Vig (short for "vigorish," also called juice, hold, margin, or overround) is the implicit commission baked into sportsbook odds. When a book lists Lakers -110 / Celtics -110, those prices imply a combined probability of about 105% — the extra 5% is the book's margin.
The book doesn't take a separate fee; the margin is hidden in the prices themselves. You only see it by adding up the implied probabilities of every outcome in a market: if they sum to more than 100%, the difference is vig.
Vig varies by market type. Game lines (moneyline, spread, total) usually carry 4-5% vig because of the high volume and tight competition between books. Player props can be 8-12%. Outright futures (championship winner, MVP) often run 15-25% because the field is wide and the book takes on more risk.

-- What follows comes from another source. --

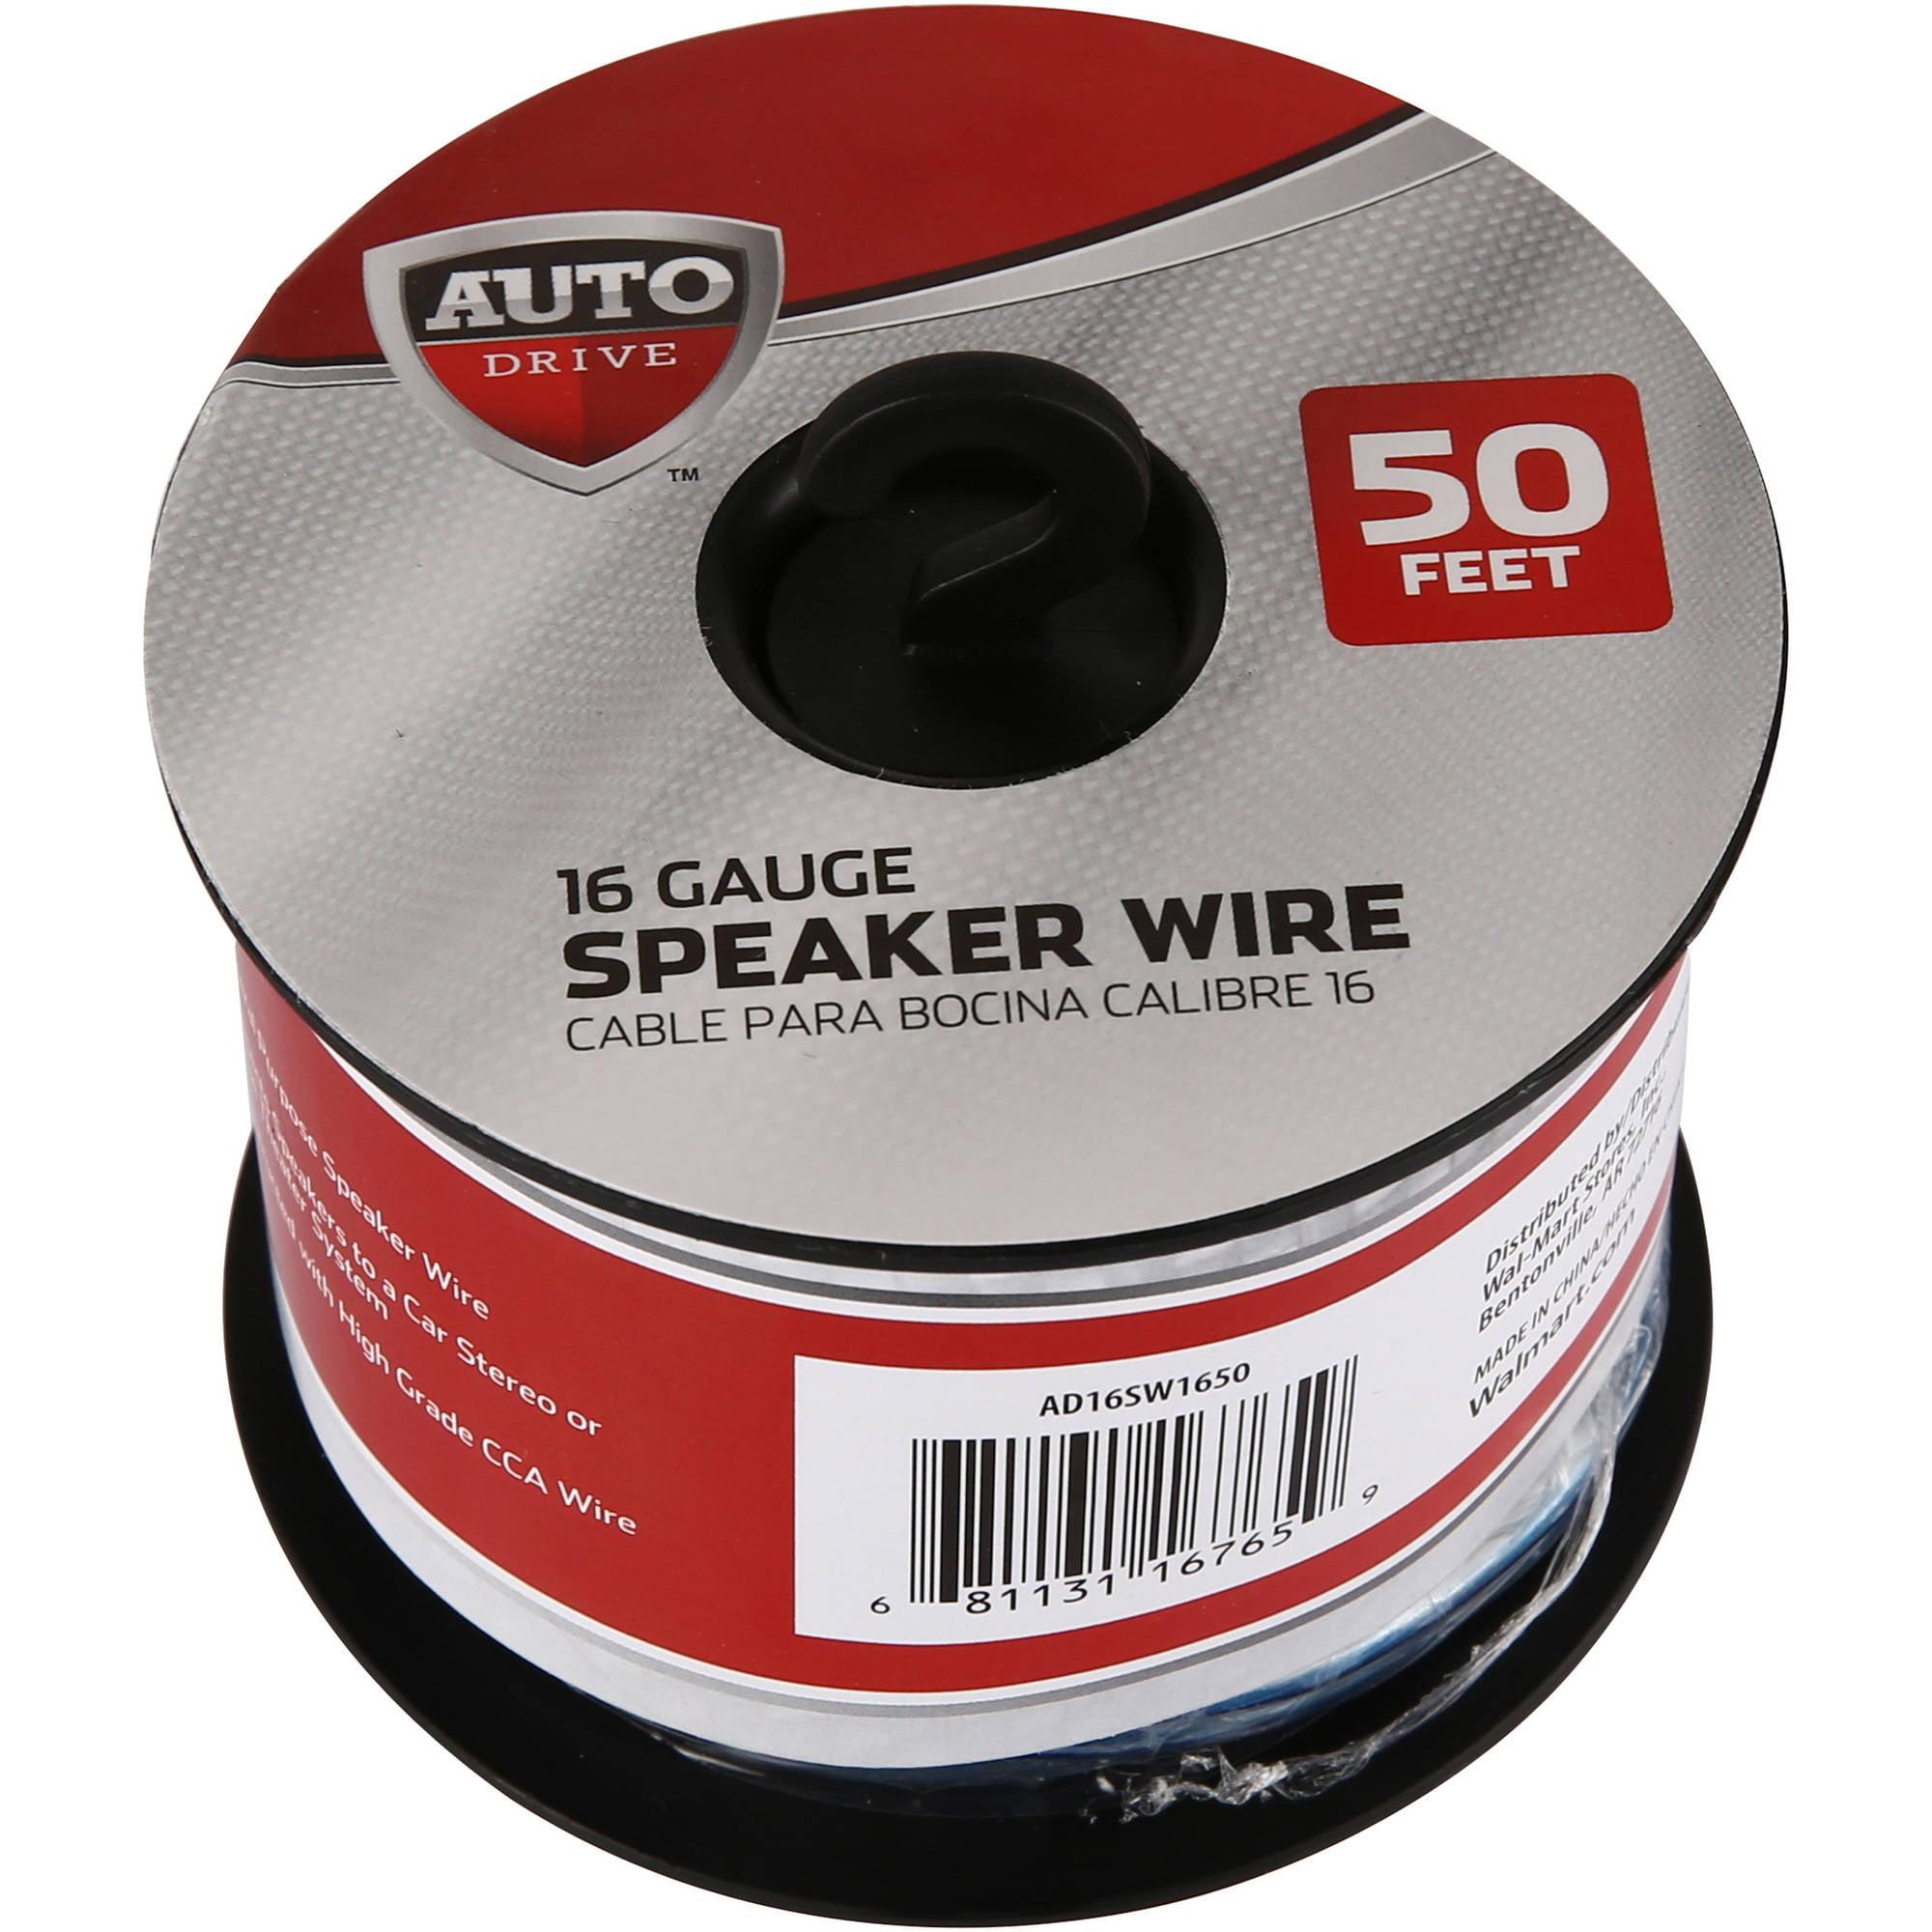 Auto Drive Car Stereo Speaker Wire, 16ga, 50\', 15.2m - Walmart.com
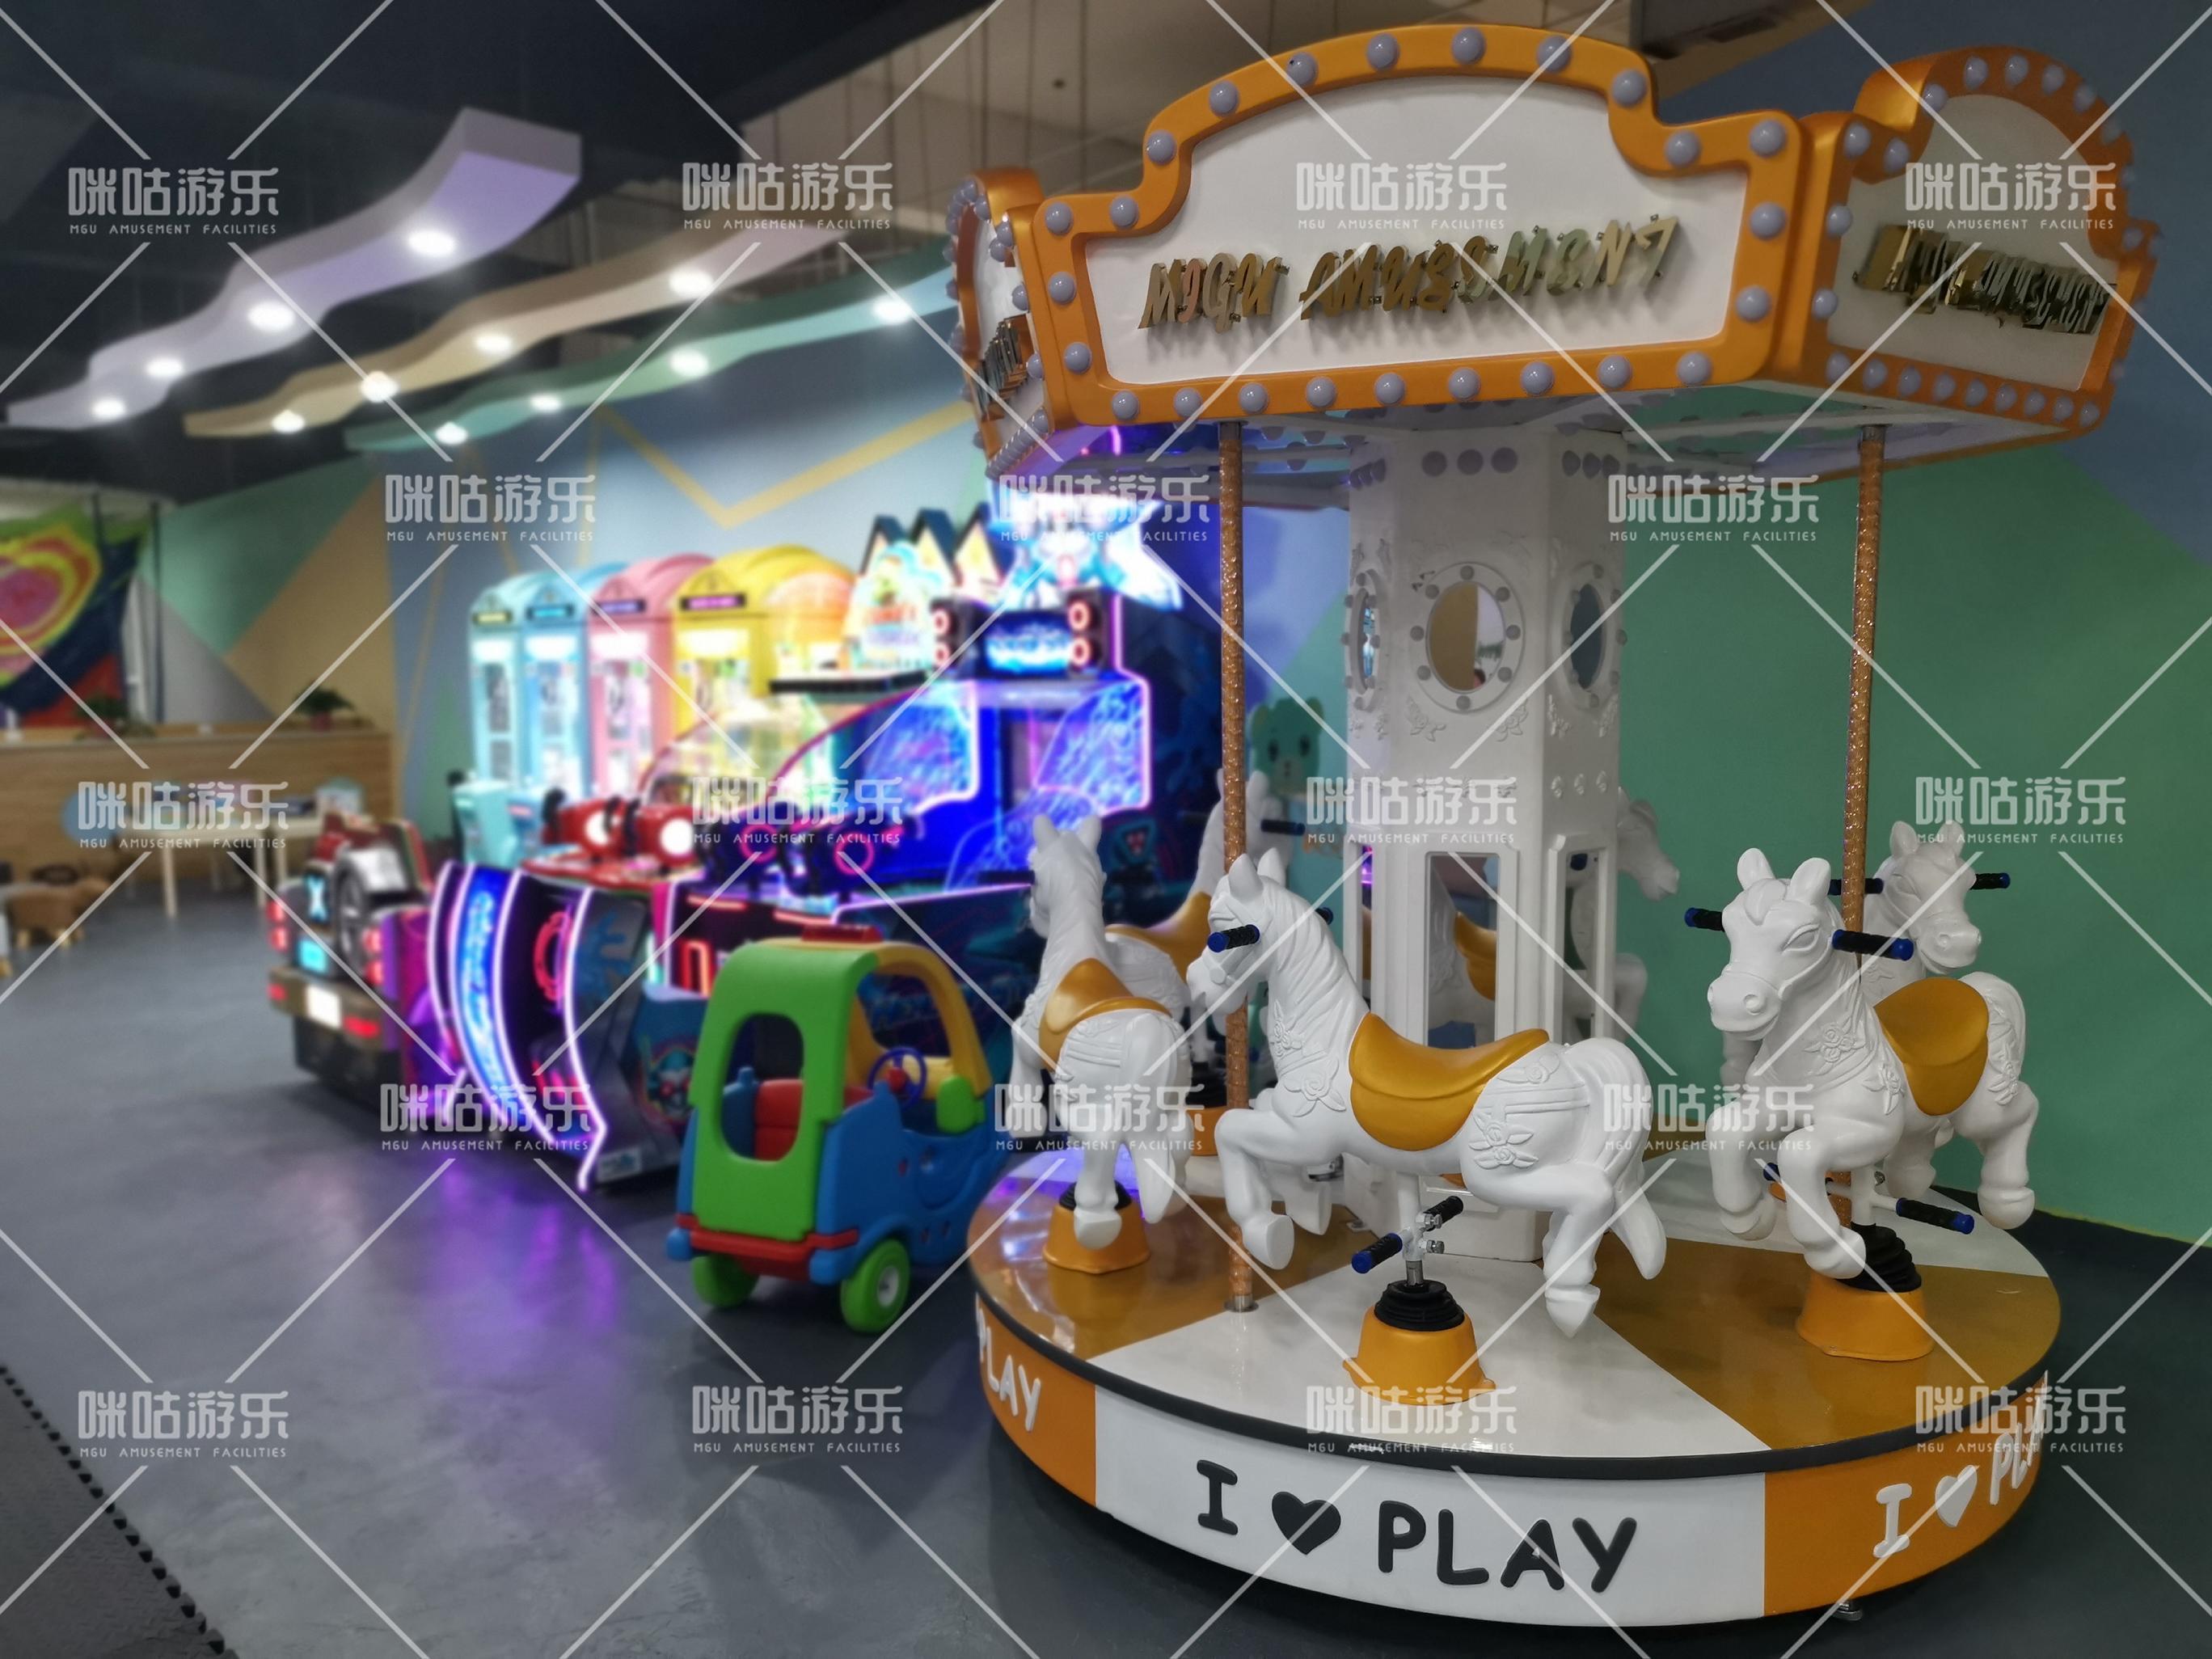 微信图片_20200429155907.jpg 定西亲子儿童乐园加盟 加盟资讯 游乐设备第2张

Why this matters: any sportsbook price you compare against another reference (Kalshi, another book, your own model) must be de-vigged first, otherwise you're comparing apples to oranges. The book's vig is not a probability — it's a fee.
DraftKings lists Lakers -110, Celtics -110. Raw implied: 0.524 + 0.524 = 1.048. The 4.8% over 100% is the vig. After de-vigging both back to a fair 50/50, you're comparing a true 50% probability to Kalshi.